> _Exercise requirements_
An exact repetition of the data below, without images, is the expected answer.

> _Collected data_
============
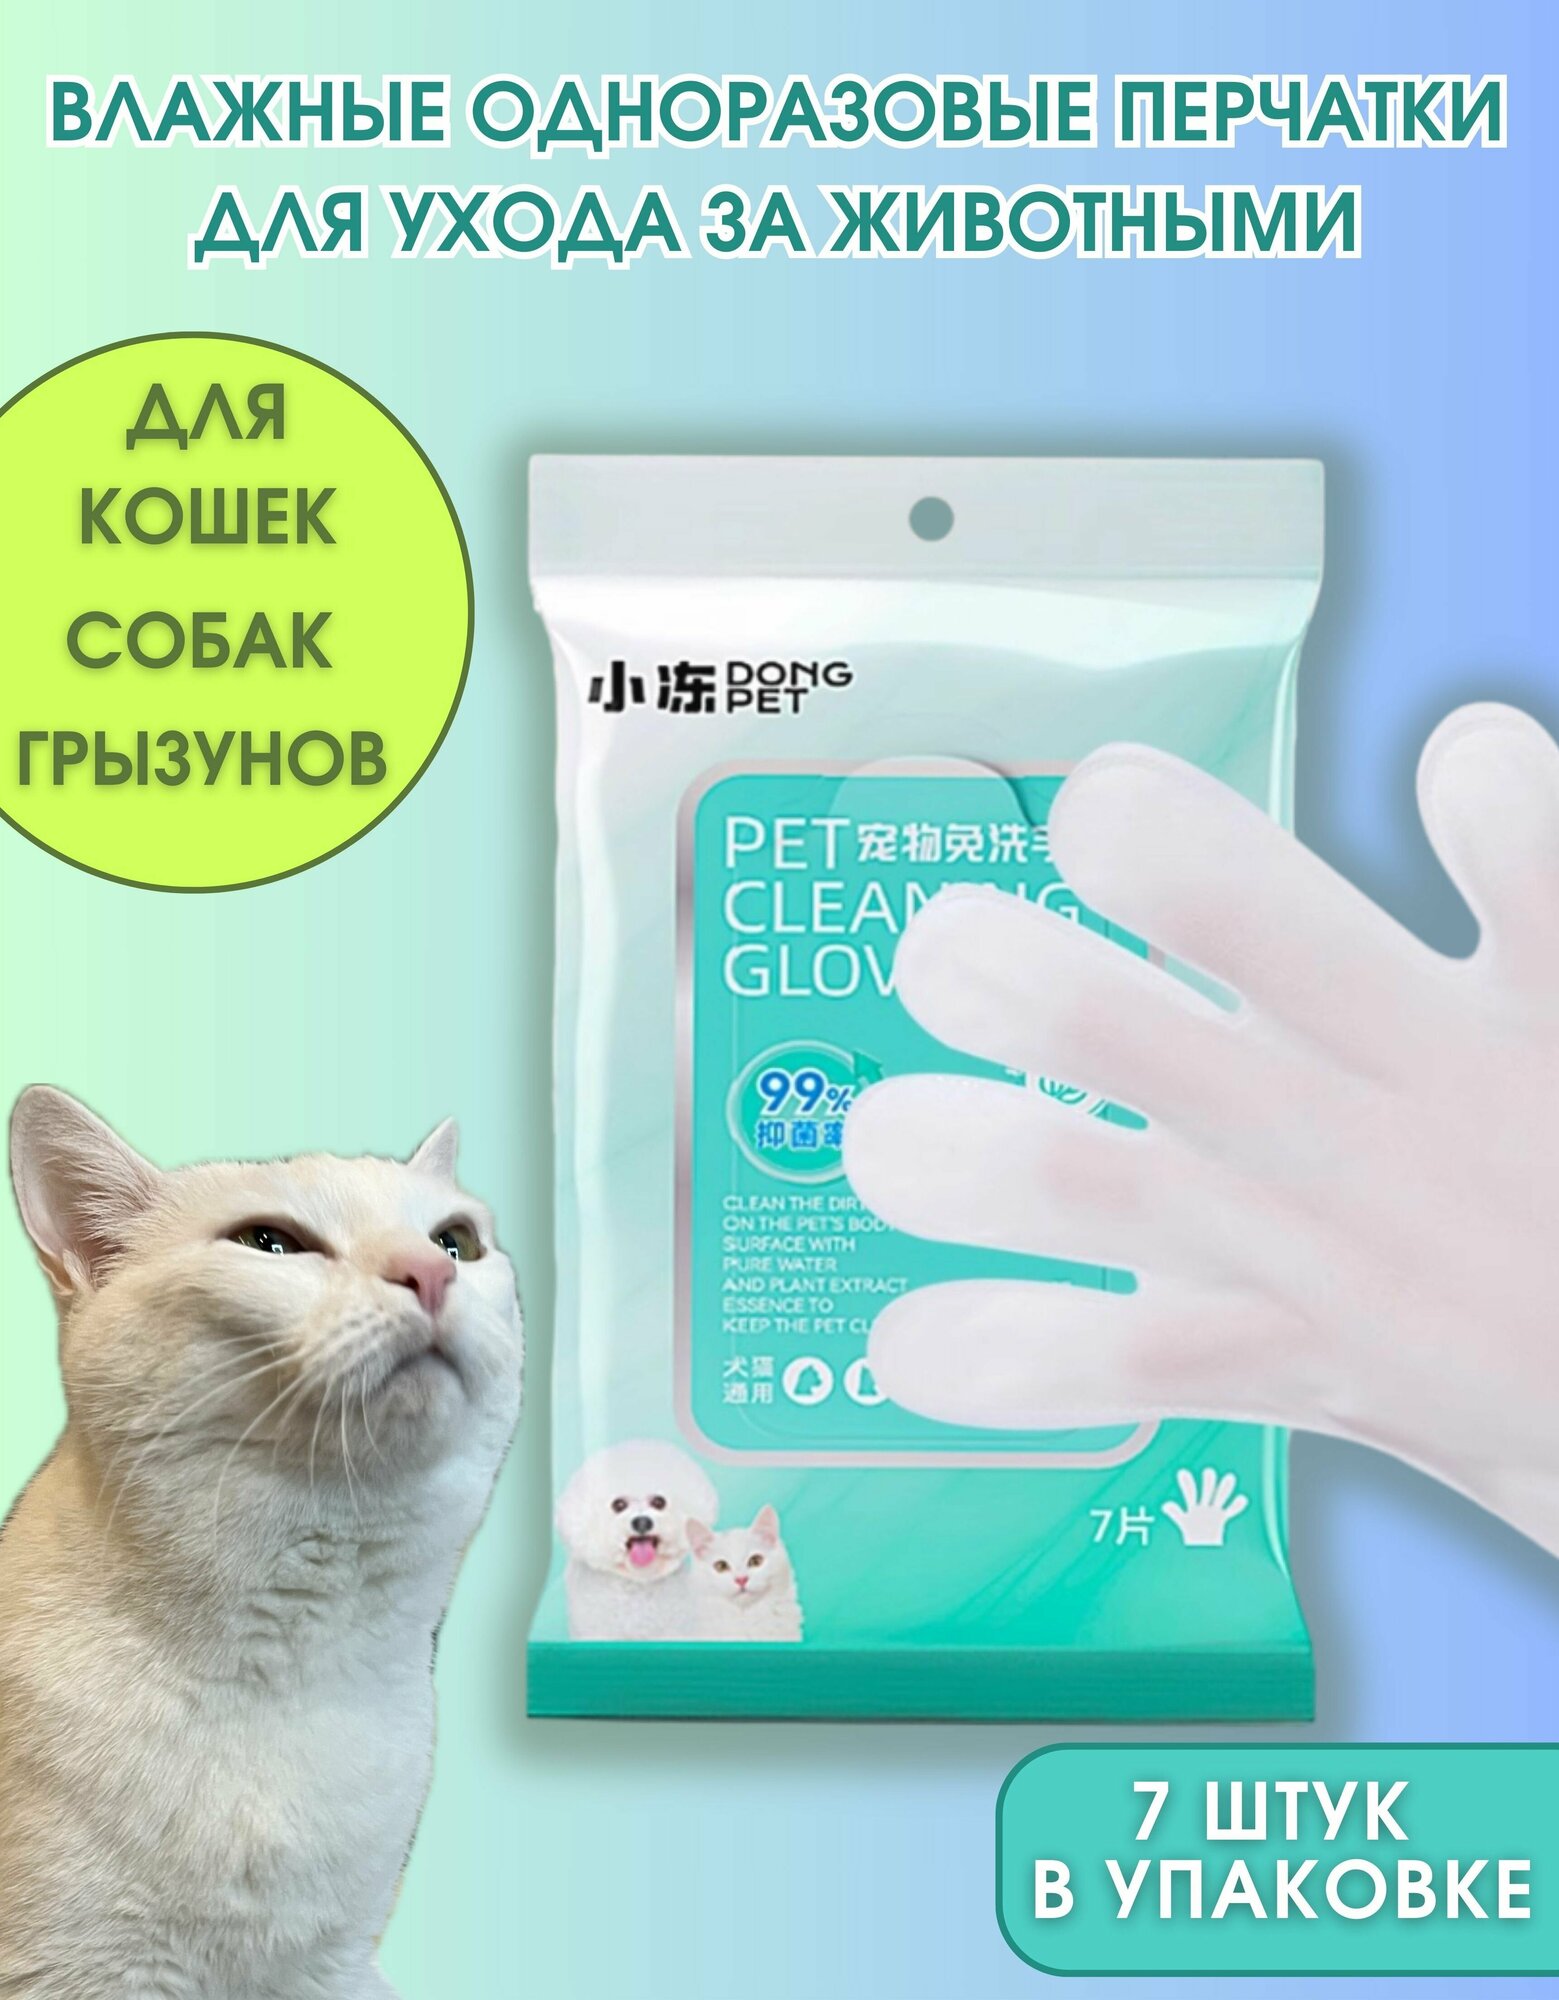 Влажные одноразовые перчатки - салфетки для мытья и ухода за животными Dong Pet, 7 шт.
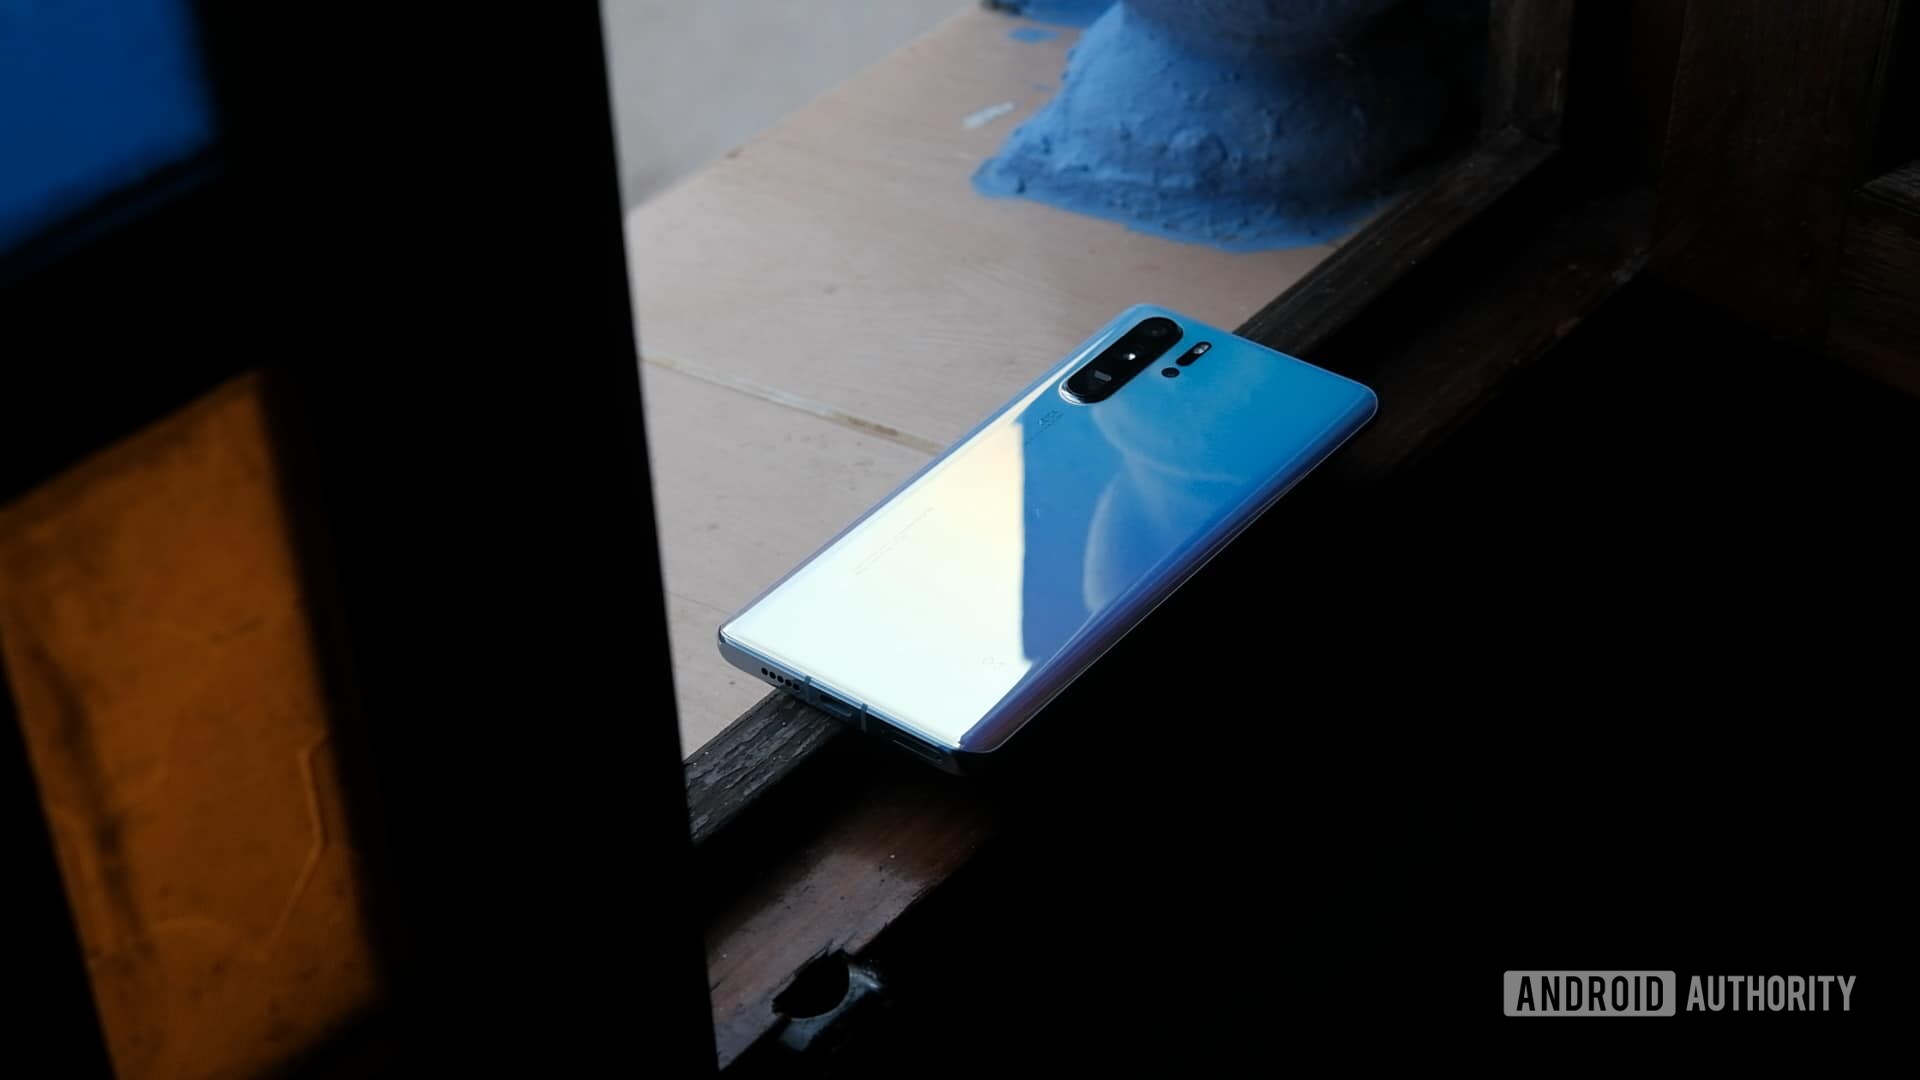 Huawei P30 Pro back on windowsill
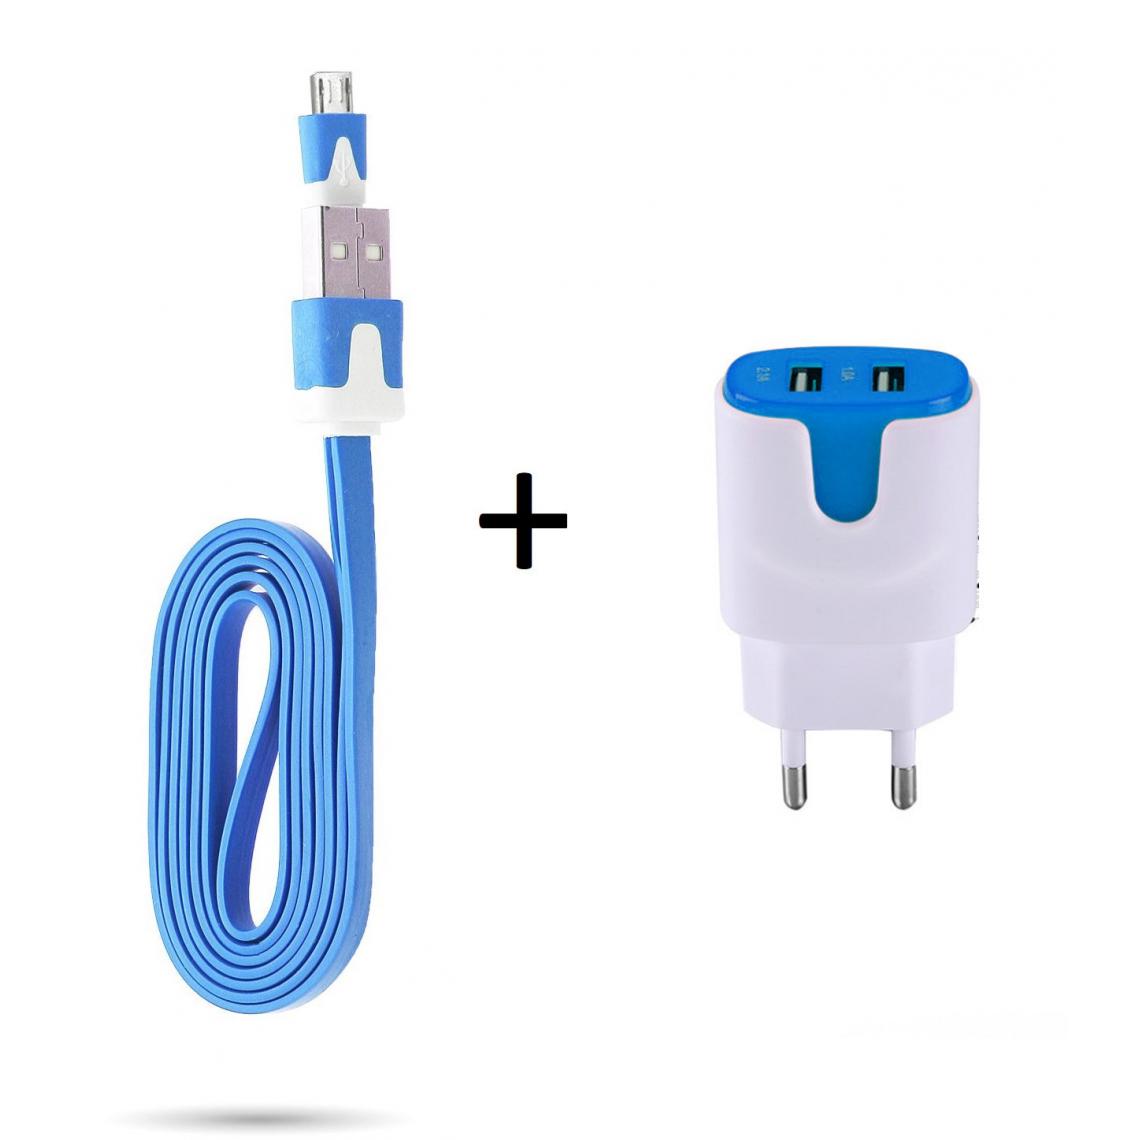 Shot - Pack Chargeur pour WIKO View 3 Smartphone Micro USB (Cable Noodle 1m Chargeur + Double Prise Secteur Couleur USB) (BLEU) - Chargeur secteur téléphone
============
> _Output for this exercise_
 Влажные одноразовые перчатки - салфетки для мытья и ухода за животными Dong Pet, 7 шт.
 Huawei P30 Pro back on windowsill
 Shot - Pack Chargeur pour WIKO View 3 Smartphone Micro USB (Cable Noodle 1m Chargeur + Double Prise Secteur Couleur USB) (BLEU) - Chargeur secteur téléphone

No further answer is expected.